• **The task**: Lines from the one with "Le Porte-Cartes Tourni leather wallet" to the end of the material, both included: print them exactly and print nothing else. Omit the pictures.

• **Dataset content**:
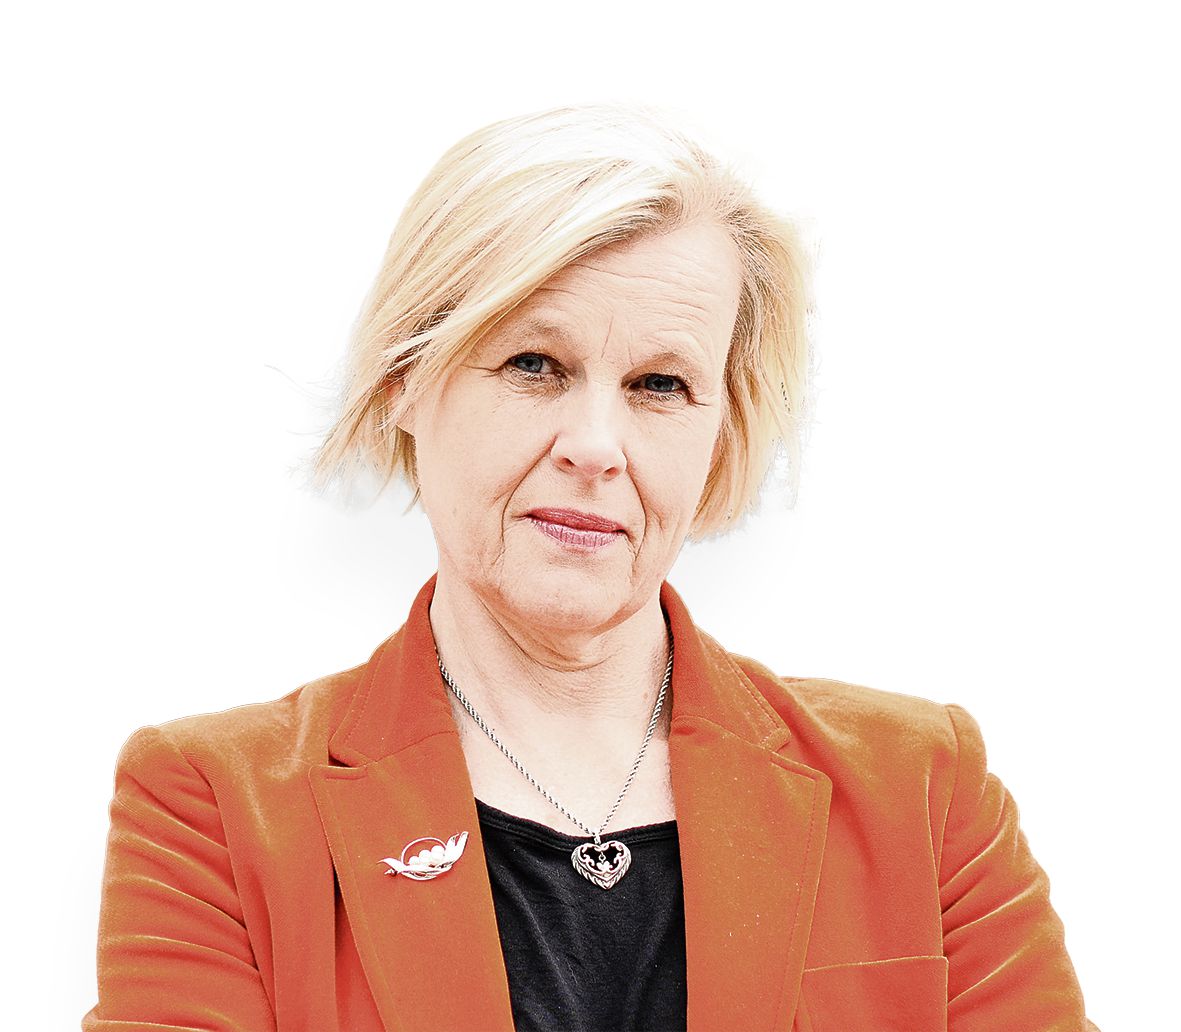 Zweedse politicoloog: ‘De radicaal-rechtse visie op migratie is het nieuwe normaal’ 
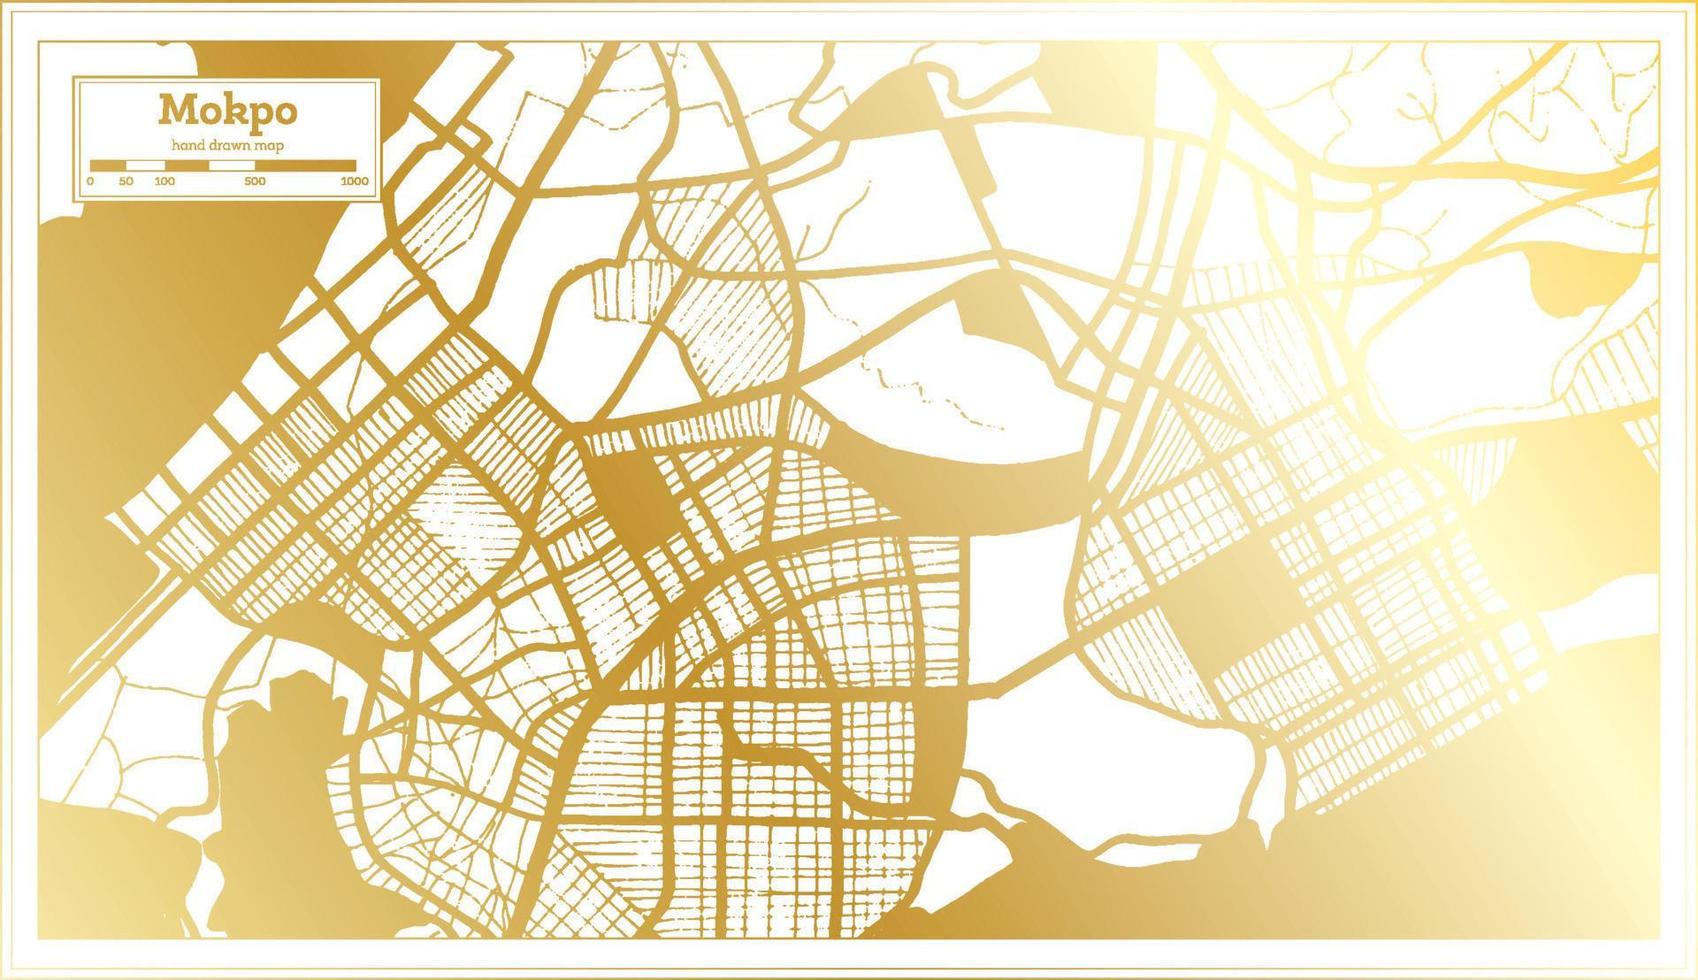 mokpo söder korea stad Karta i retro stil i gyllene Färg. översikt Karta. vektor
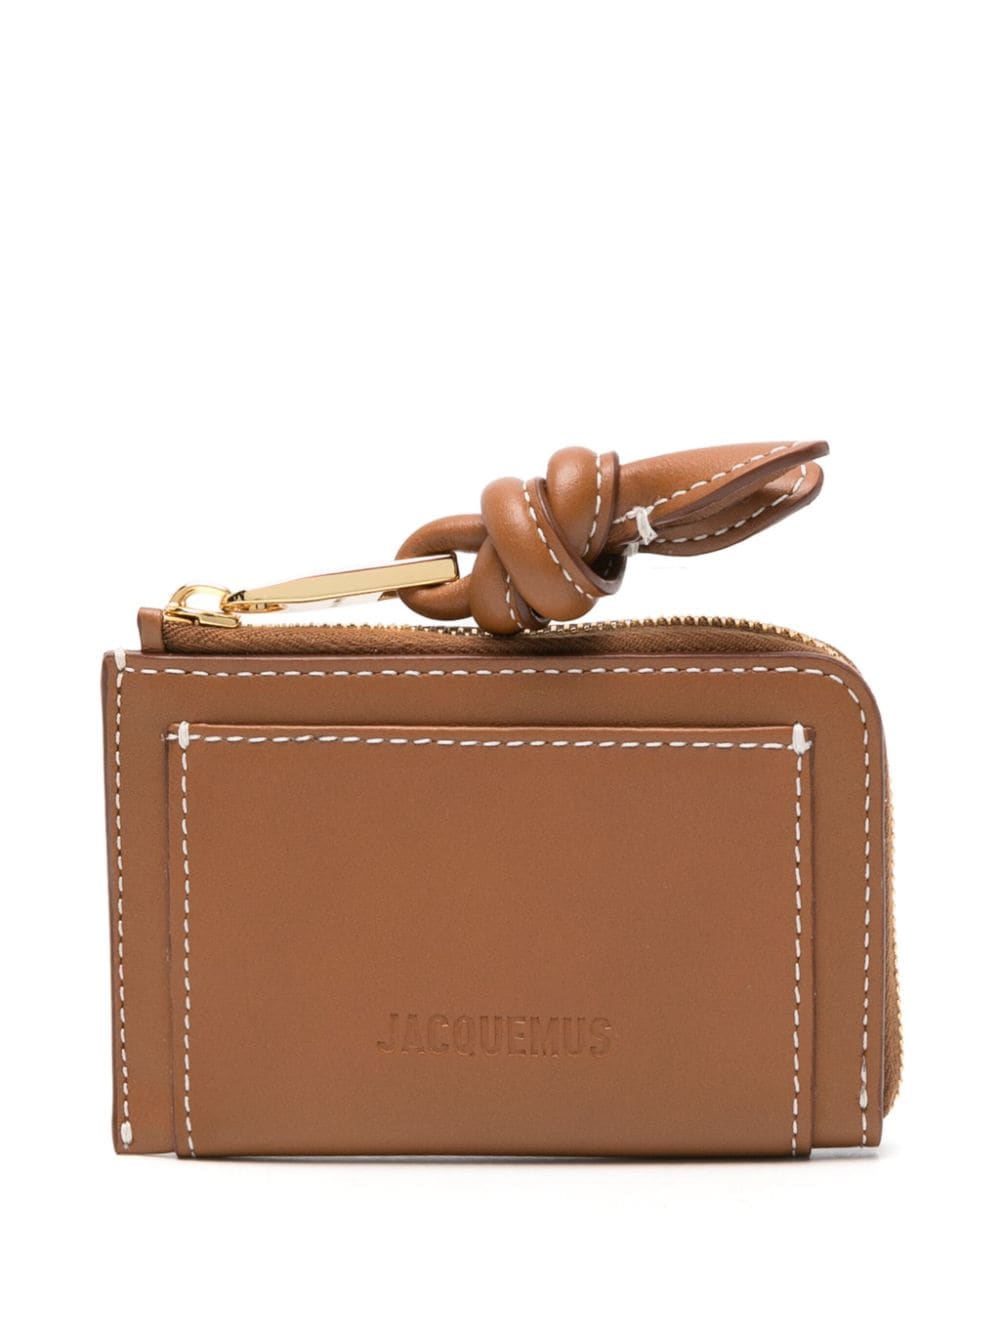 Le Porte-Cartes Tourni leather wallet
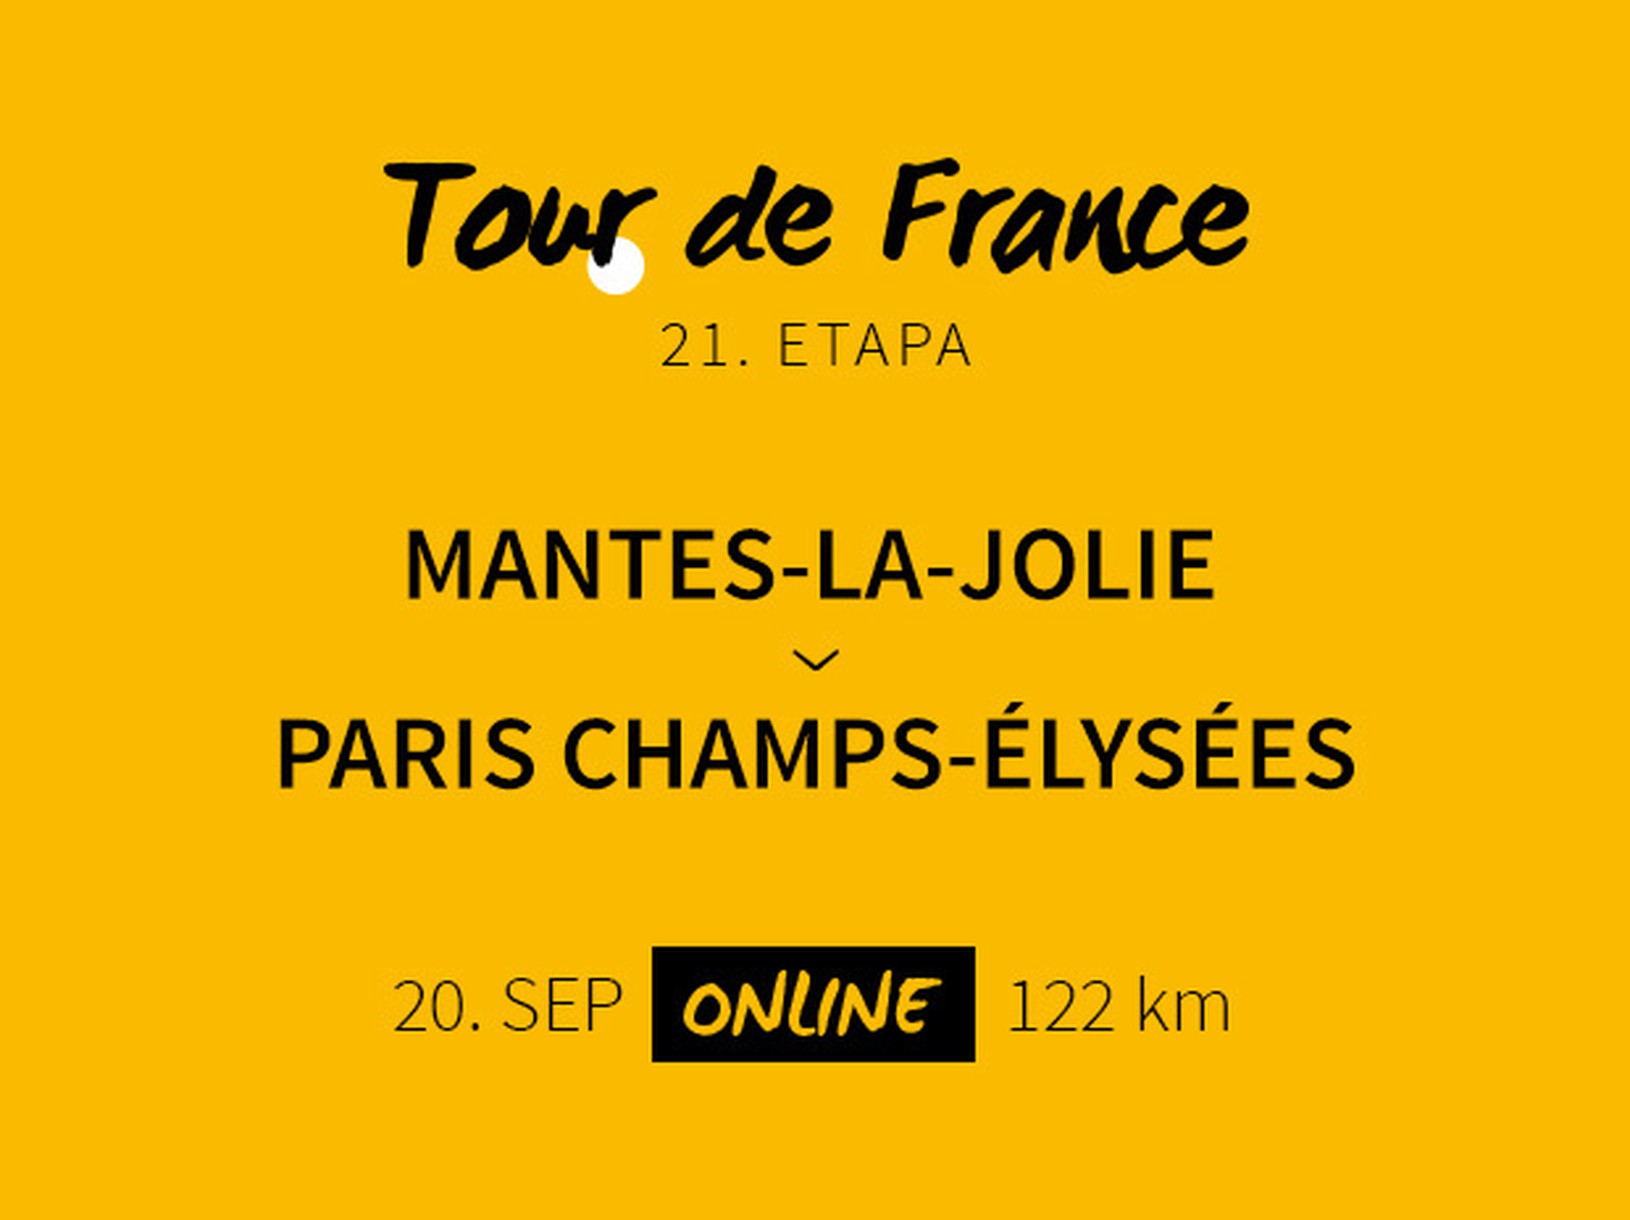 Tour de France 2020:

• **Response area**:
 Le Porte-Cartes Tourni leather wallet
 Tour de France 2020:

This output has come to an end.